AFAIK, there is no such thing such as "Unicode font system".
There is Unicode, which is merely monolithic, on one side.
There are many font systems, on the other. Some of these complies (partialy)
with the Unicode conformance requirements. In the peculiar field of Indian
languages, none of them complies entirely, at least to my knowledge.
However, we see a clear move toward increasing conformance. A clear sign
was given by a company named Microsoft, with a "product" called Uniscribe
along with fonts shipped with another bigger product named Windows 2000,
that attempts at this goal. There are other projects, more or less advanced.

> What is the difference between Unicode fonts and other fonts?
> Are there separate Unicode fonts?

This question does not have easy answers, since Unicode clearly states
that rendering --hence the fonts-- is a completely distinct process from
encoding (which is at what Unicode aims).
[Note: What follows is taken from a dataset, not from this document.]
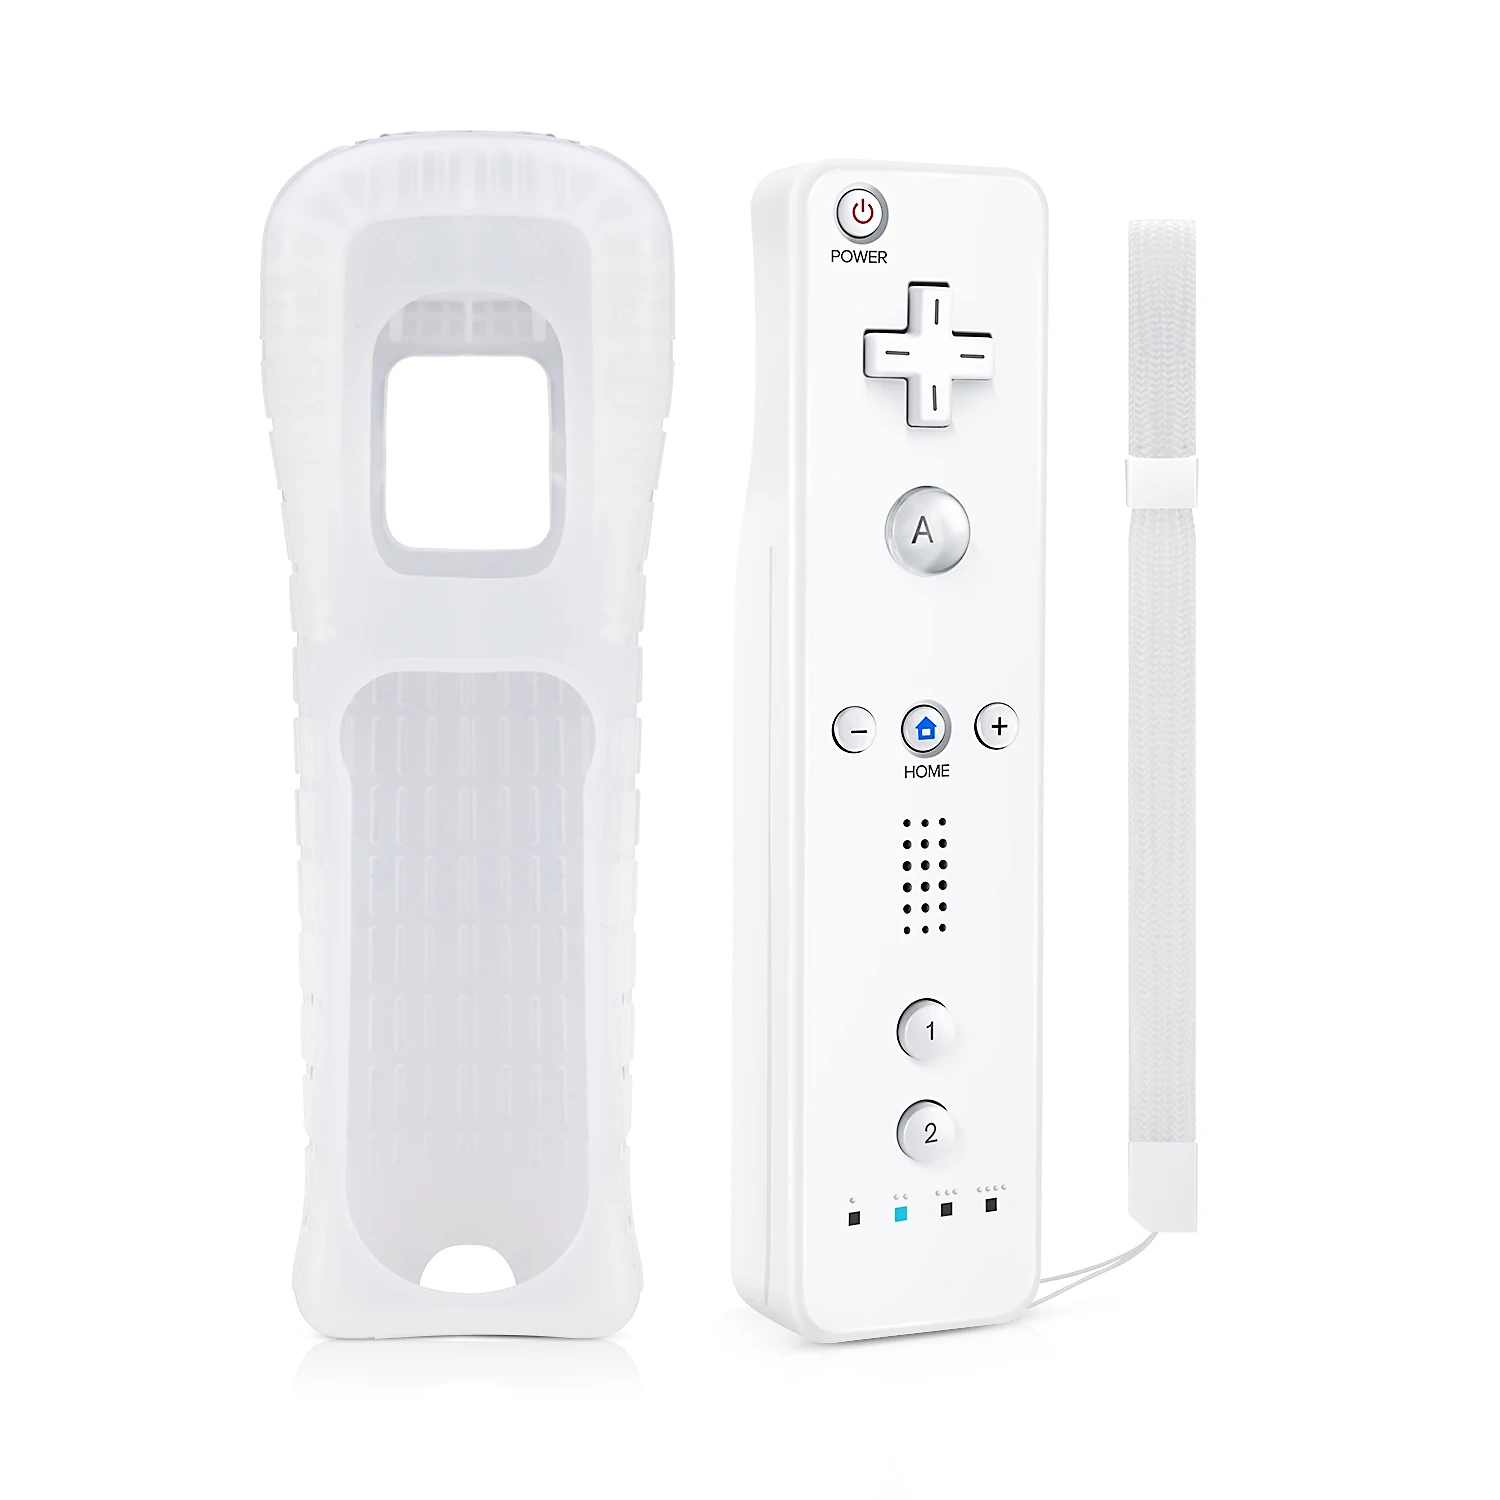 带有用于任天堂wii Wii U的3轴运动传感器的wii遥控器无线 带有硅胶套和腕带 Buy Wii遥控器3轴运动传感器 Wii控制器无线 Wii遥控器motion Plus Product On Alibaba Com

Furthermore, fonts are pretty various things. I obviously discard lead
fonts and all the traditional typographic things, since Unicode is
completely foreign to them. If we stick with the computer archives of
glyphs, a distinction could be whether they are encoded directly with
Unicode or not; here, the answer depends on the format: with TrueType
and its derivatives, the answer is most often yes; with others formats,
particularly the older ones, it is most often no.
Another point is the correct rendering (according to Unicode conformance
requirements) using a given fonts; since you asked in the specific
field of Indian languages, here the answer is that additionnal informations
are needed in the font to conformaly render Unicode. Very few fonts
have these informations. Probably Tamil have the best available options
here; while all languages when written in Nastaliq Arabic, Oriya
and Malayalam are the least advanced. Furthermore, since the definition
of "Indian" is pretty vague, "surrounding" languages such as Divehi written
in Thaana or Sinhalese or Burmese, when written in their own scripts,
exhibits also bad situations.

> Is it possible to convert other fonts to Unicode?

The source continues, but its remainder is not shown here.